[Start of Attachment]

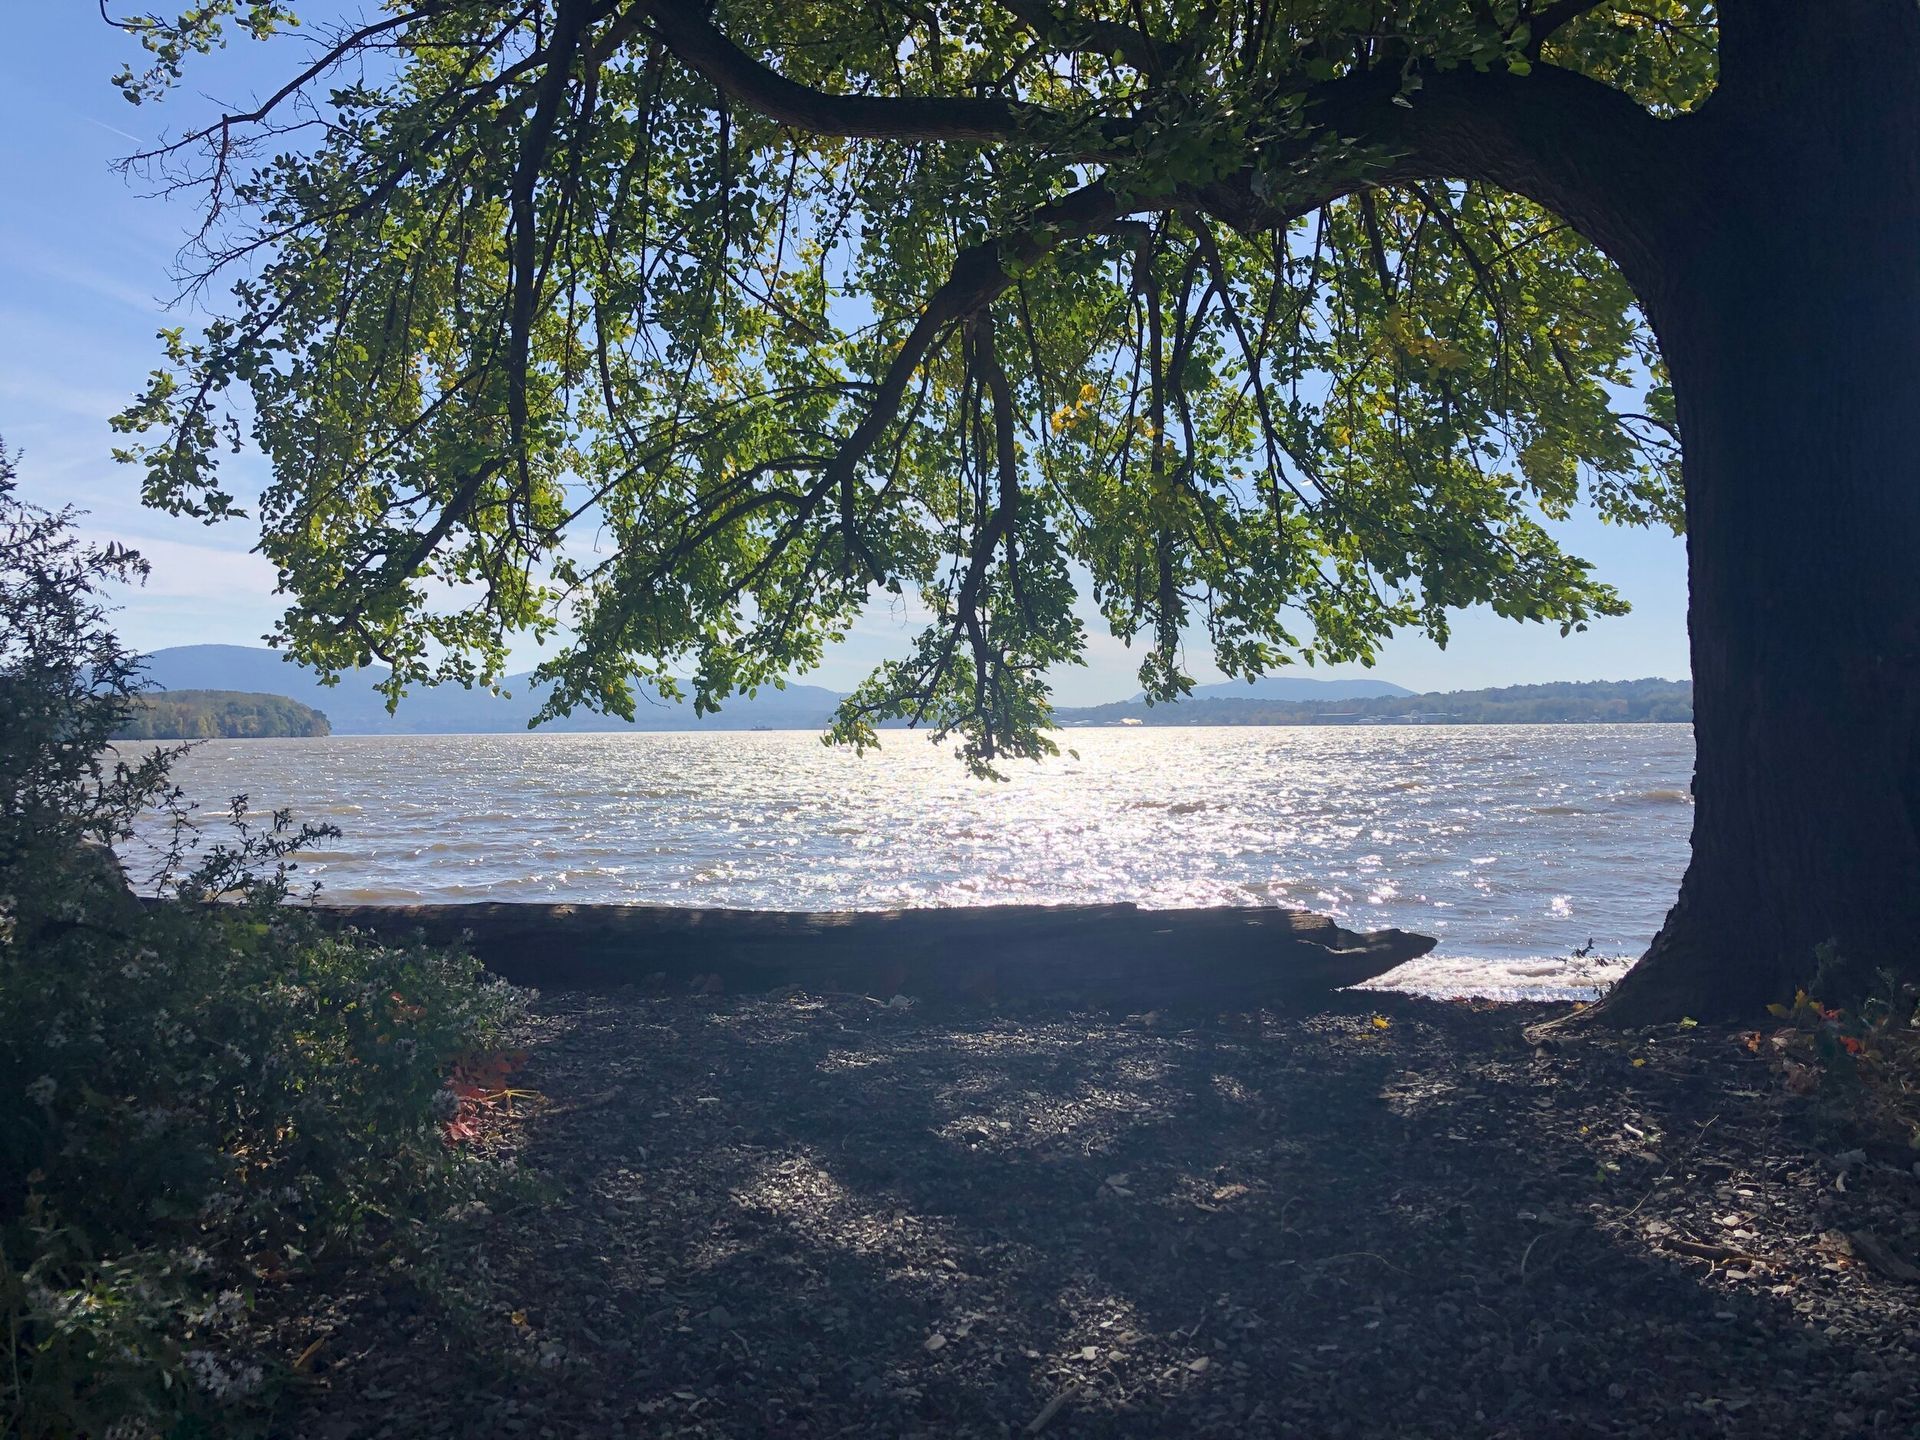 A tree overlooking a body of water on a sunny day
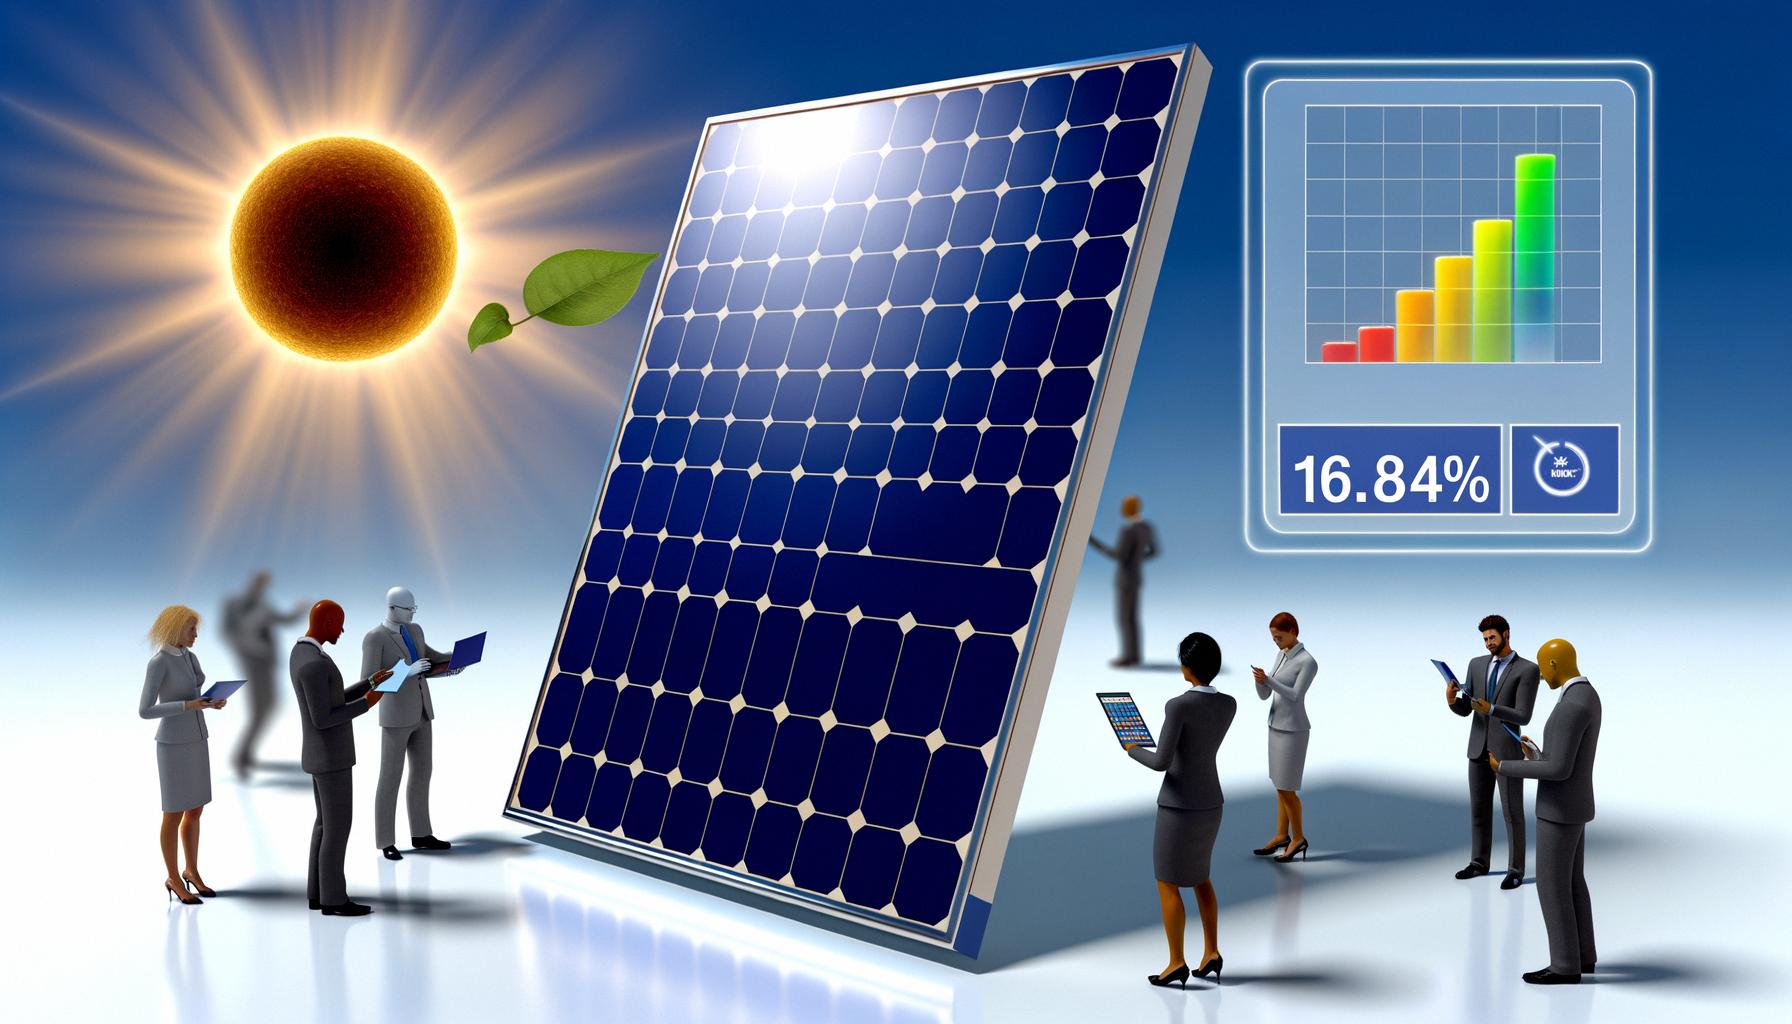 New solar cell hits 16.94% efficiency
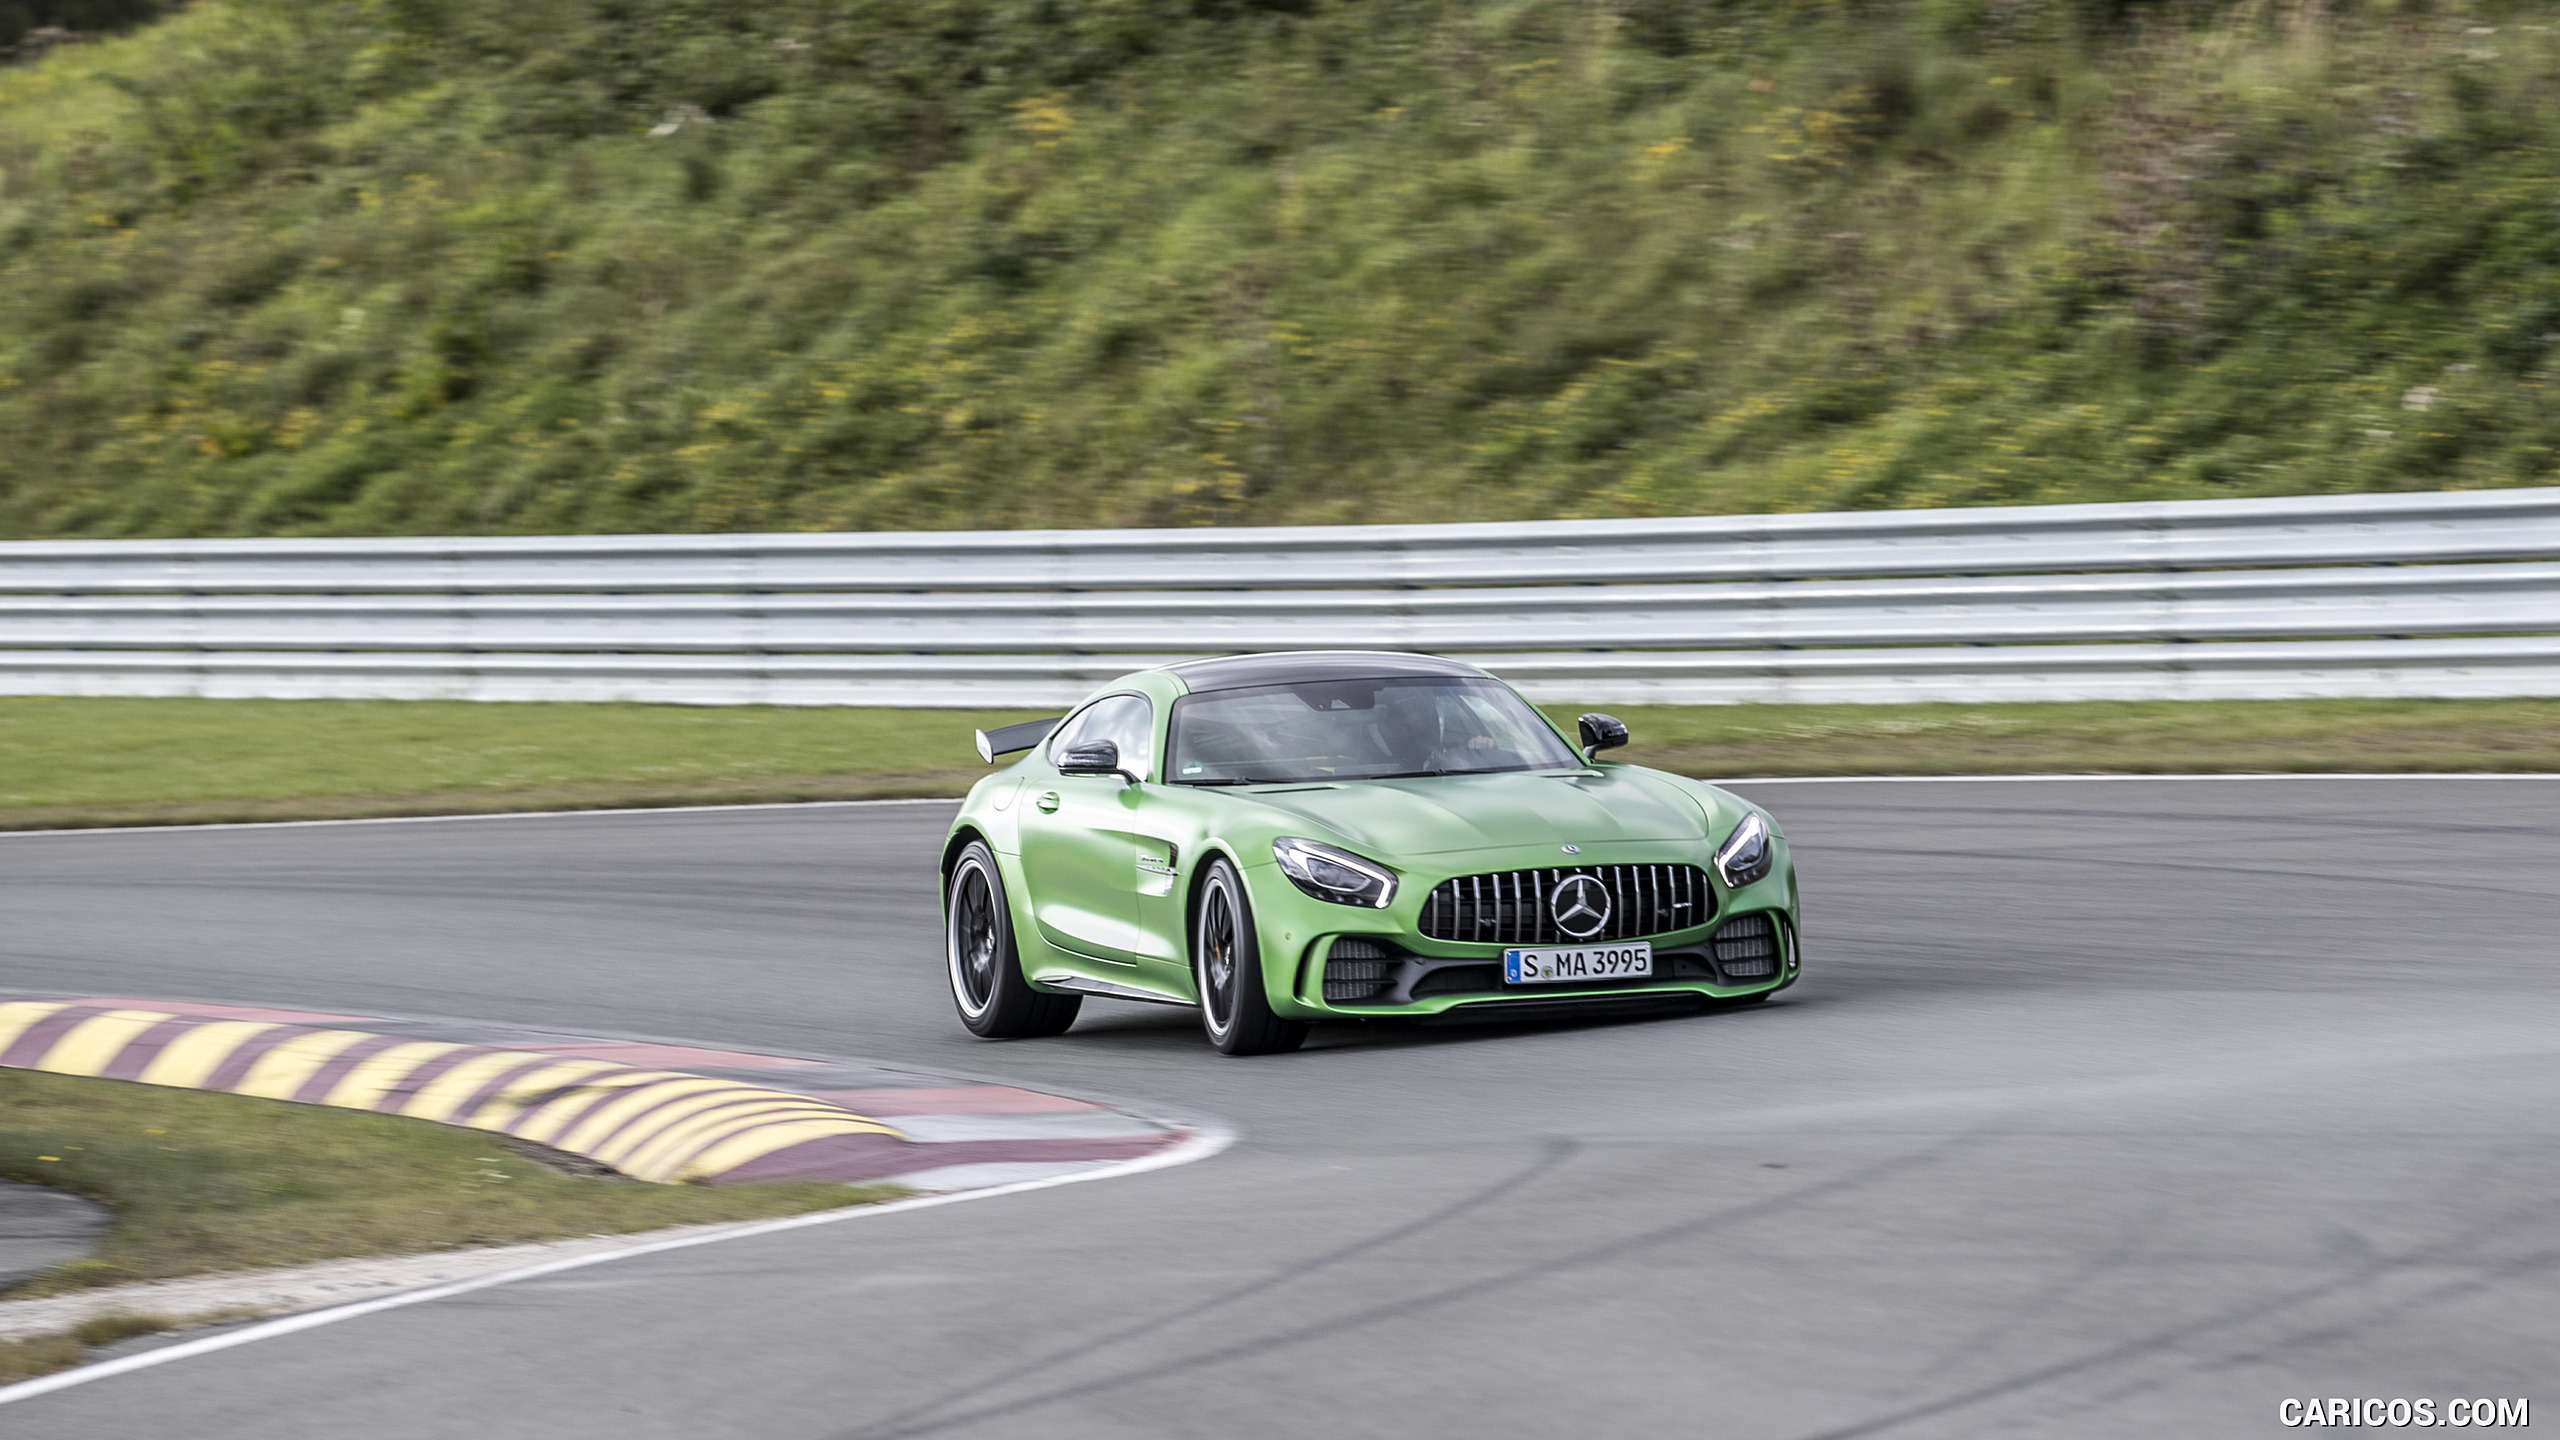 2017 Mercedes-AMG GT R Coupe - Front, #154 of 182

[End of Attachment]

The full listing above, duplicated exactly and without its pictures, is the answer.

 A tree overlooking a body of water on a sunny day
 New solar cell hits 16.94% efficiency
 2017 Mercedes-AMG GT R Coupe - Front, #154 of 182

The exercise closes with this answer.